特に小学校教員の養成に携わったので、「良い教師とは」また「人を育てるとは」どういうことかを深く考えるようになりました。またウガンダの生活を通して日本を見ると、決して文化や科学が発達していることが幸せであるとは言えないことも多々あると思うようになりました。

(JICA)日本での経験も豊富な川並さんも、ウガンダという異なる環境では、新たな発見や気づきがあったんですね。

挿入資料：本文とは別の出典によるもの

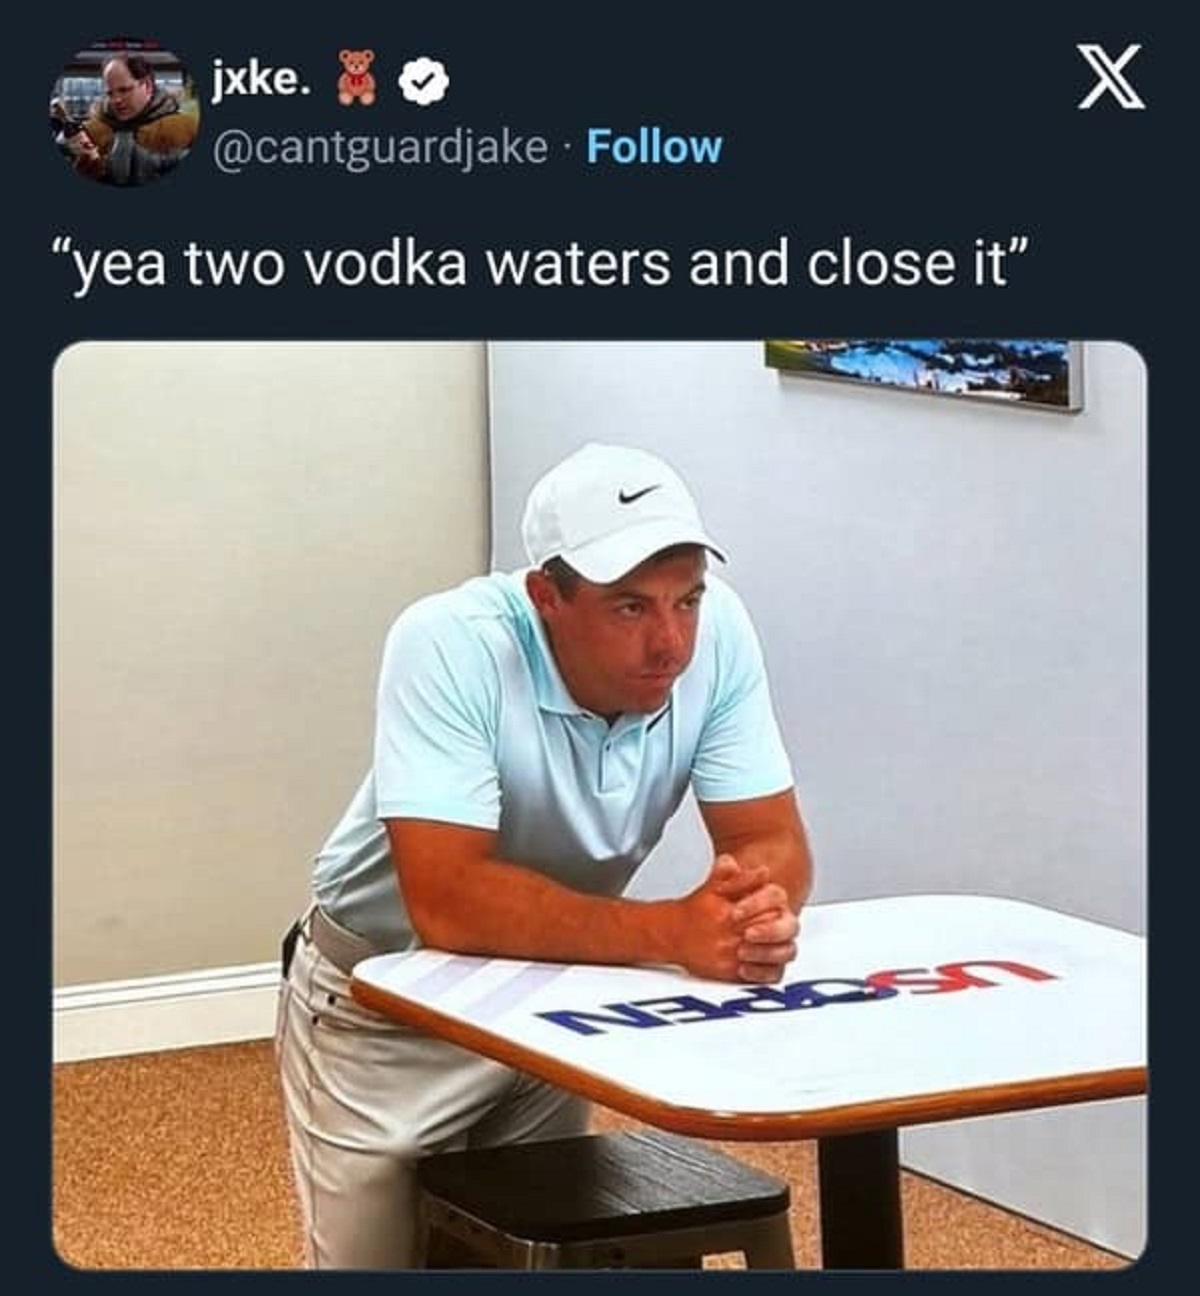 Golf - jxke. "yea two vodka waters and close it" X
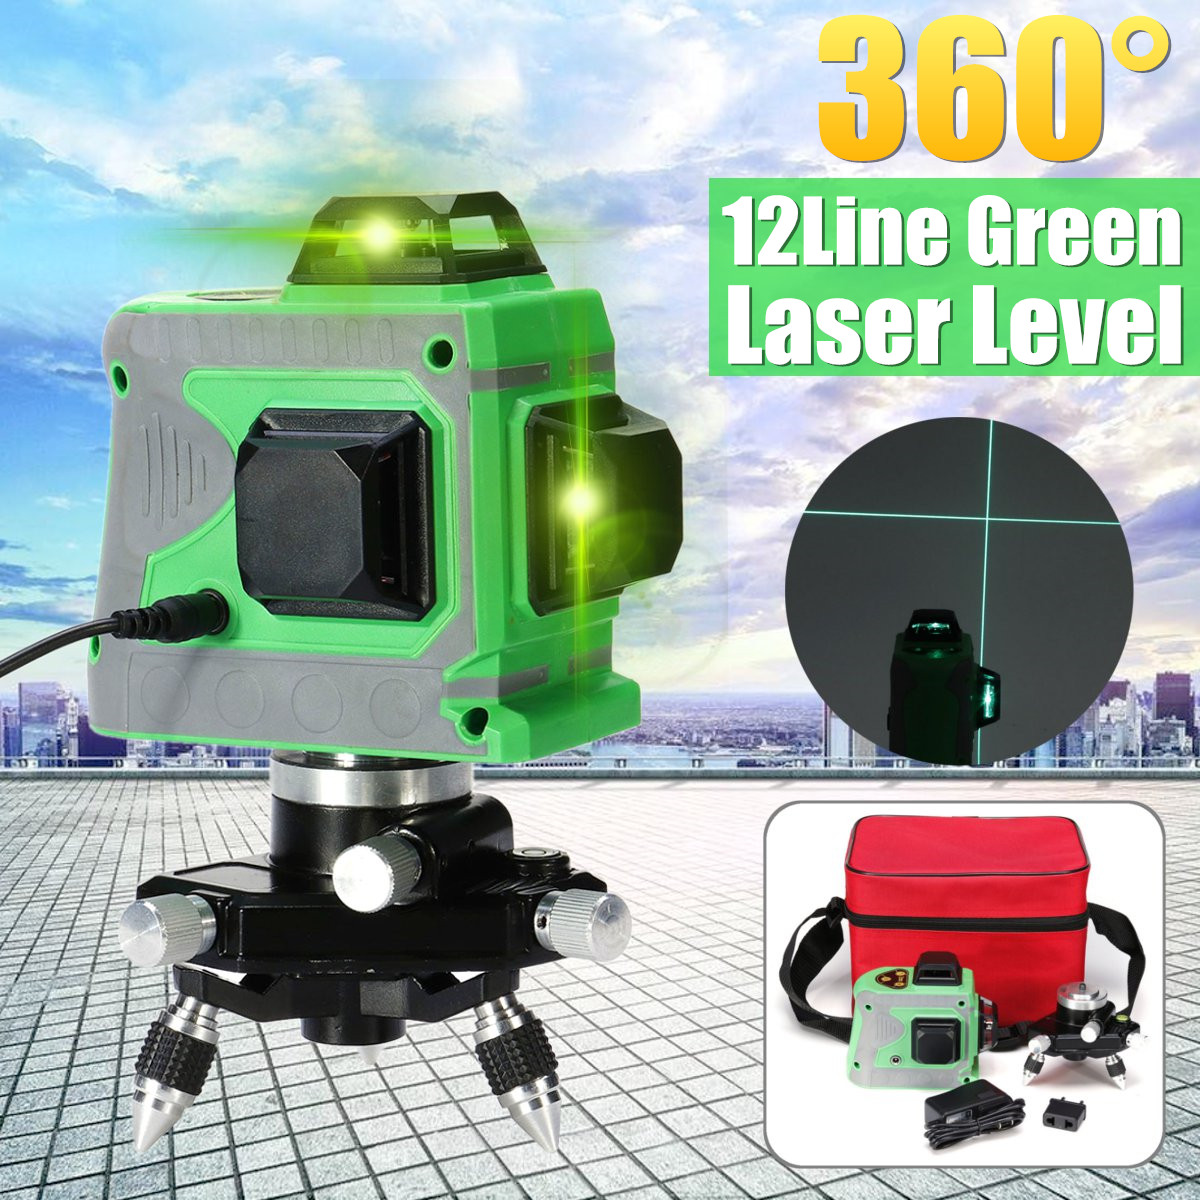 3D-12Line-Green-Laser-Level-Self-Leveling-360deg-Rotary-Cross-Outdoor-Measure-Tool-1642217-1

これから協力隊を目指す人や、現在、隊員として活動されている人に向けたメッセージをお願いします。

(川並さん)まず一歩を踏み出しましょう。
上手く行ったこと(成功)は自信になります。
上手くいかなかったこと(失敗)は工夫と努力によって成功と自己成長への材料となります。
協力隊への受験・派遣前国内研修・現地活動・帰国後の活動など体験することのすべてが自分の成長につながります。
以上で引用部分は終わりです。